As girls we are taught from a very young age that you are to aspire to marry, and to be a mom and moms can’t be "sexy". Why is that? Why is it not okay to not want to marry and to be with a man long term and not want to be married? What does that piece of paper really say… hey government tax me more? Just because he marries you doesn’t mean he loves you anymore, personally I think if you all stay together long term (until death do you part) it means more that means you both stayed because you wanted too, not because it was easier than getting a divorce. I have been married and it was a complete disaster from the moment it started to be completely honest I had no business getting married when I did, yes I was 29 but I had spent 2012-2016 in a horribly abusive relationship and when I got together with my daughters father it was because we had been friends for years and it felt safe. We were nowhere near compatible with one another. (But all this is a story for another day.)
Let’s get real about PPD (Postpartum depression), 10-20 percent of women suffer from PPD in some form. Personally for me it was horrible, I had never felt so lost and confused in my life. I had this beautiful baby girl that I loved more than life itself but I was feeling overwhelmed, like a part of me was gone now that she wasn’t in my belly any longer and just felt completely isolated. Granted it was December and I really couldn’t go anywhere. This was definitely not what I was expecting when I had my child because let's be real, you never hear about the bad things with pregnancy. I dealt with PPD until my daughter was two and I struggled to get the baby weight off because I was depressed and ate my feelings trying to hide how I was feeling and I hated how I looked so much that I don’t have hardly any photos with my daughter from birth until after 2 years because I was ashamed of how I looked.

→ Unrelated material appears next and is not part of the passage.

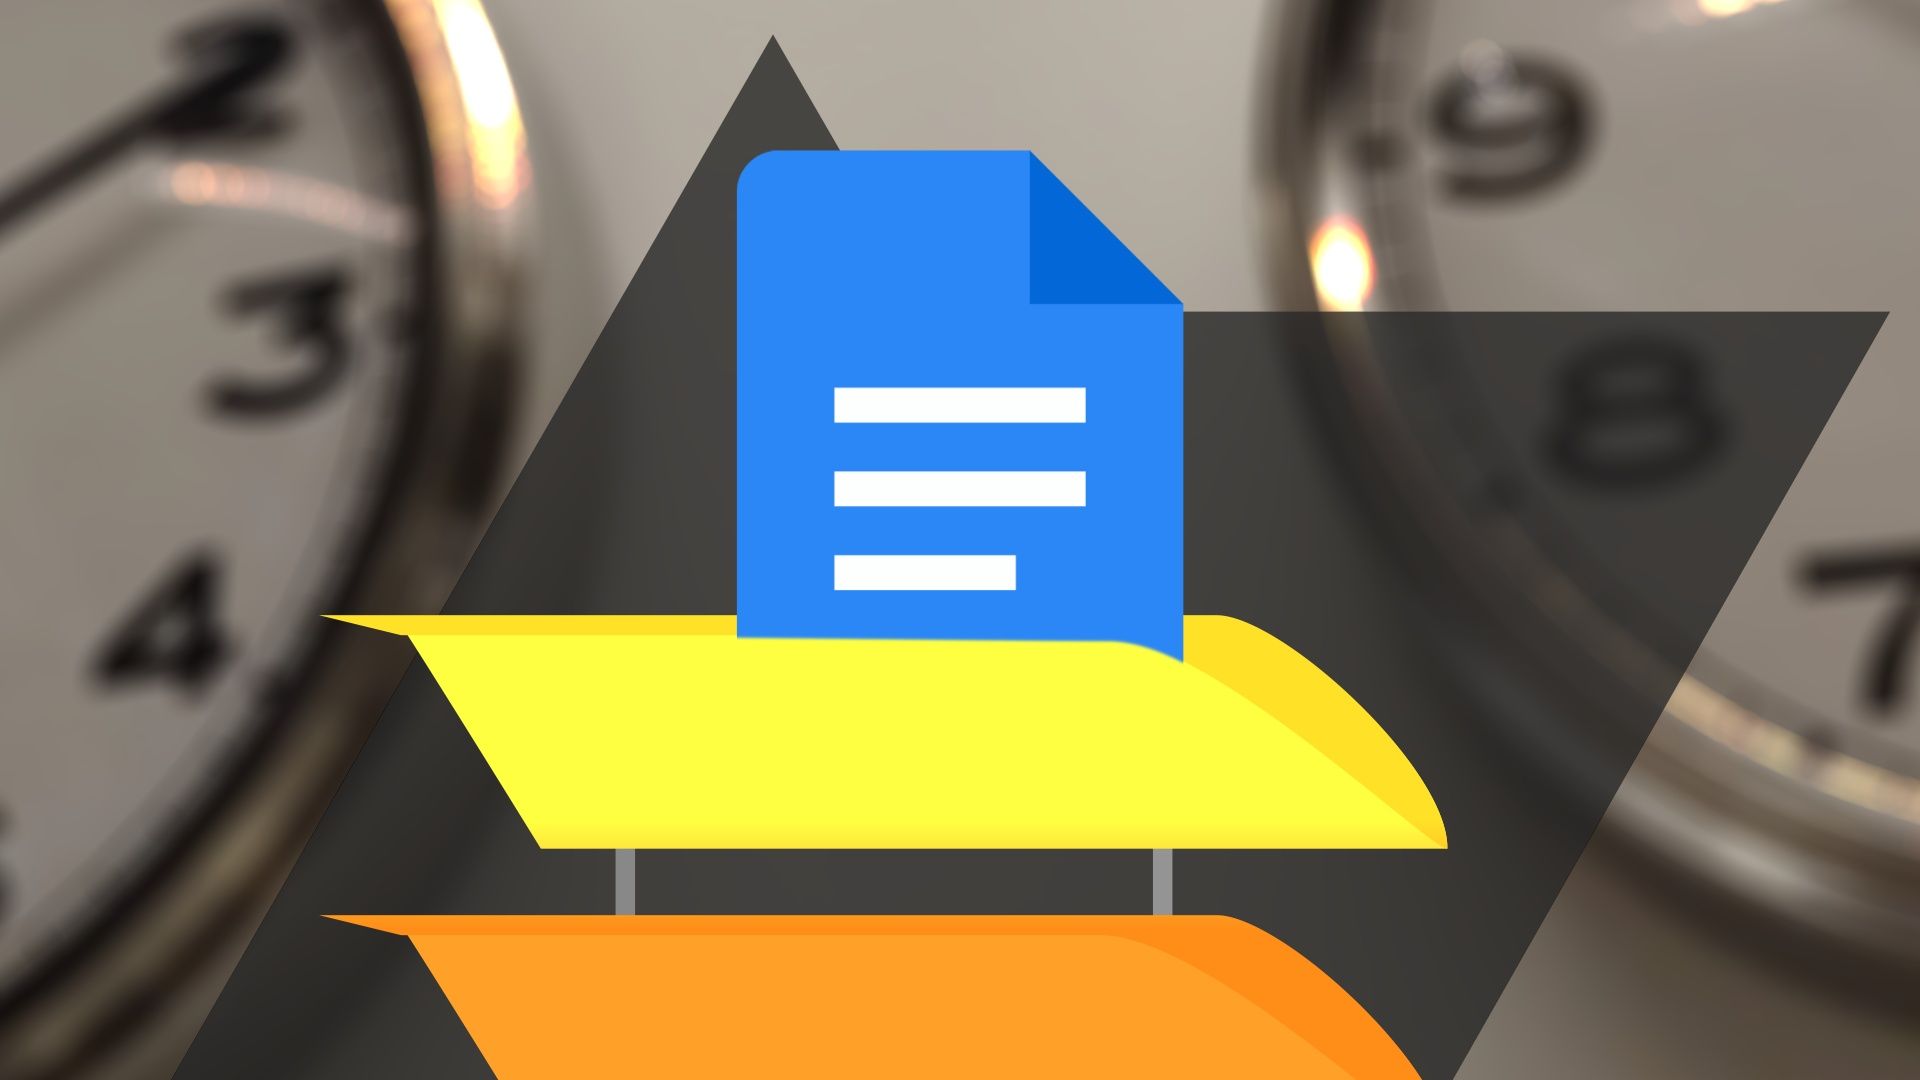 The Google Docs icon sitting in an inbox with clocks in the background.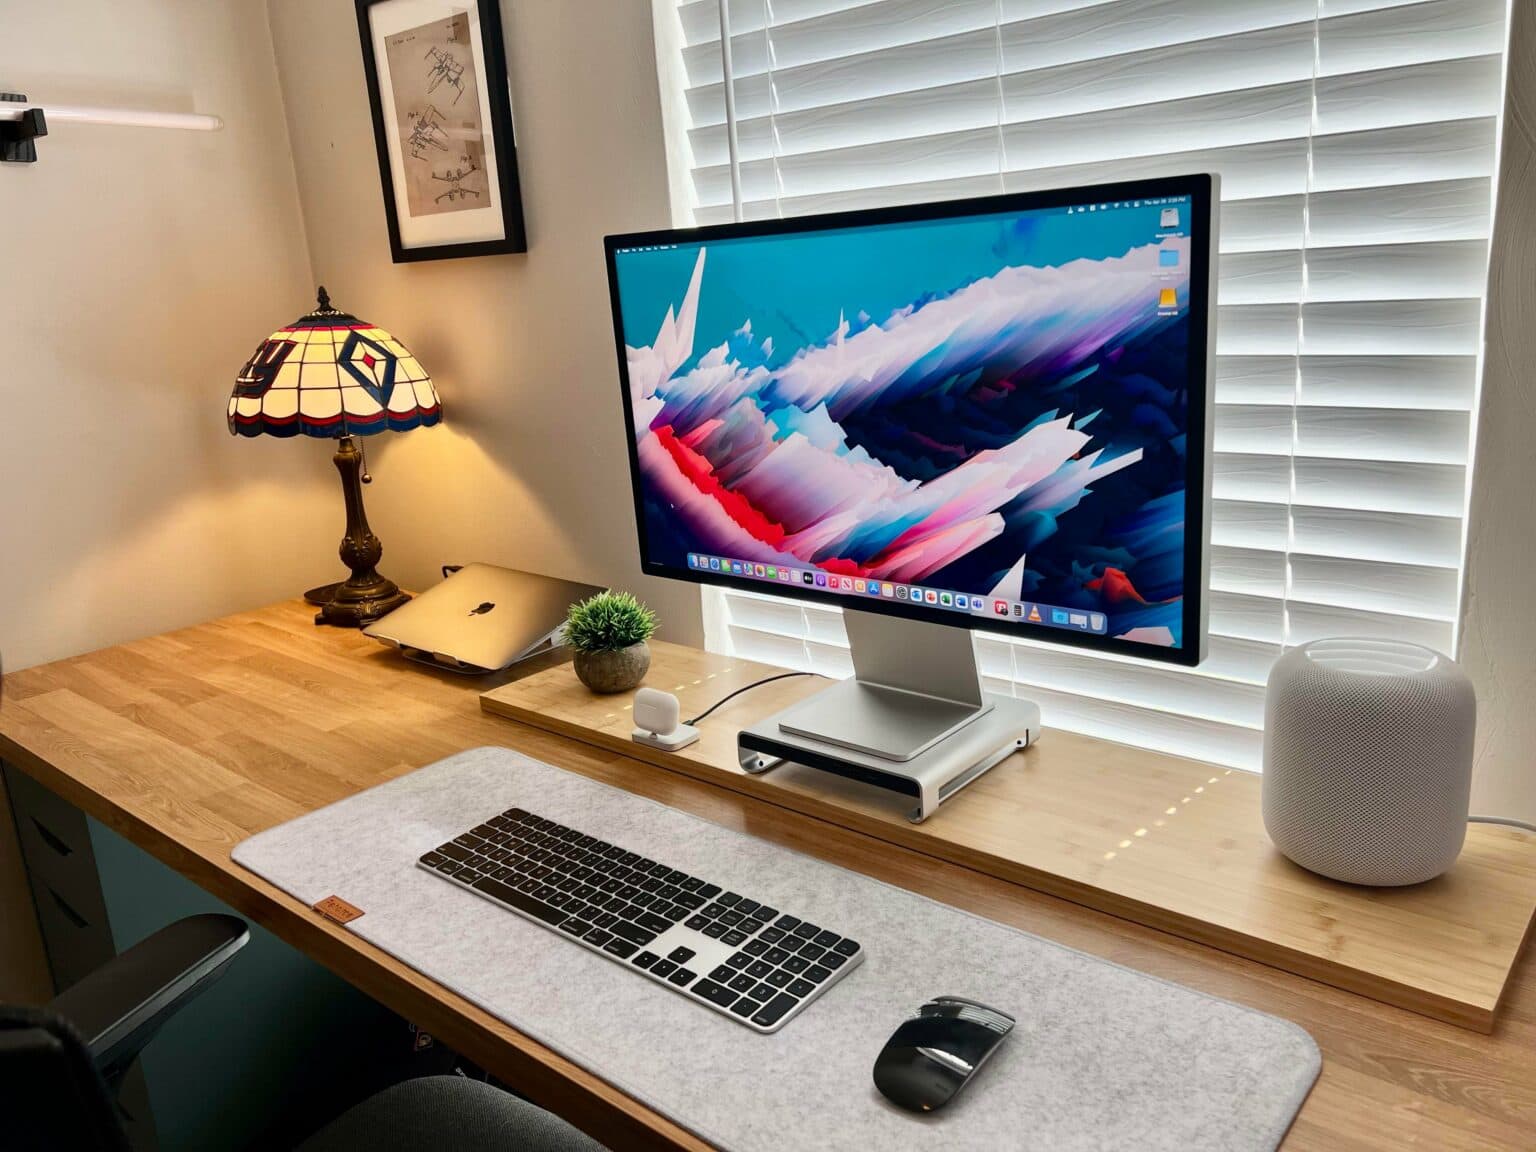 The Studio Display now has silver-and-black peripherals and a MacBook Pro rather than a Mac mini.

For me my journey to finding myself again and getting my "sexy" back truly started when my ex-husband left and some would say oh I’m sorry that you had to go through this divorce and all of that type of stuff well, I am not sorry or sad one bit. Truth is I’m glad he decided to leave. It was truly a blessing in disguise. I started to focus on what would make not only me happy but my daughter happy as well. I quickly realized that if I was truly happy then she was happier because my demeanor changed. I found my love for music again and started to work on my relationship with myself. With those changes yes I did meet someone I connected really well with much faster than anticipated but god works in mysterious ways. For me, finding myself was the key to getting this weight to start to fall off. Yes I still have 15 more pounds to lose before I am back and my pre-baby weight but that’s much better than the 55 I gained while being pregnant. I slowly got my confidence and my faith back in myself, and there is nothing sexier than a woman who is loving, a good mother and confident in herself and her abilities to get what she wants out of life.
So, yes it is okay to be a mom (a great one in fact) and be "sexy". Be your version of sexy. It doesn't have to be what society thinks is sexy. Maybe leggings, sweatshirt and a top knot is sexy for you or maybe it’s getting all dressed up and going to dinner or out for the night whatever it may be that makes you feel "sexy" do it. Because your kids deserve to see their mama happy and I mean truly happy not just the fake smile we plaster on our face and pretend life is all good. For me it was doing a photo shoot where I am embracing the hard work I have put into getting my body back even though it’s not perfect but I have learned to love myself and my body and will continue to work on being the healthiest version of me. BUT GIRL, get out there and get your "sexy" back! Love yourself because if you can’t yourself who's going to love you better than you? You are worth it!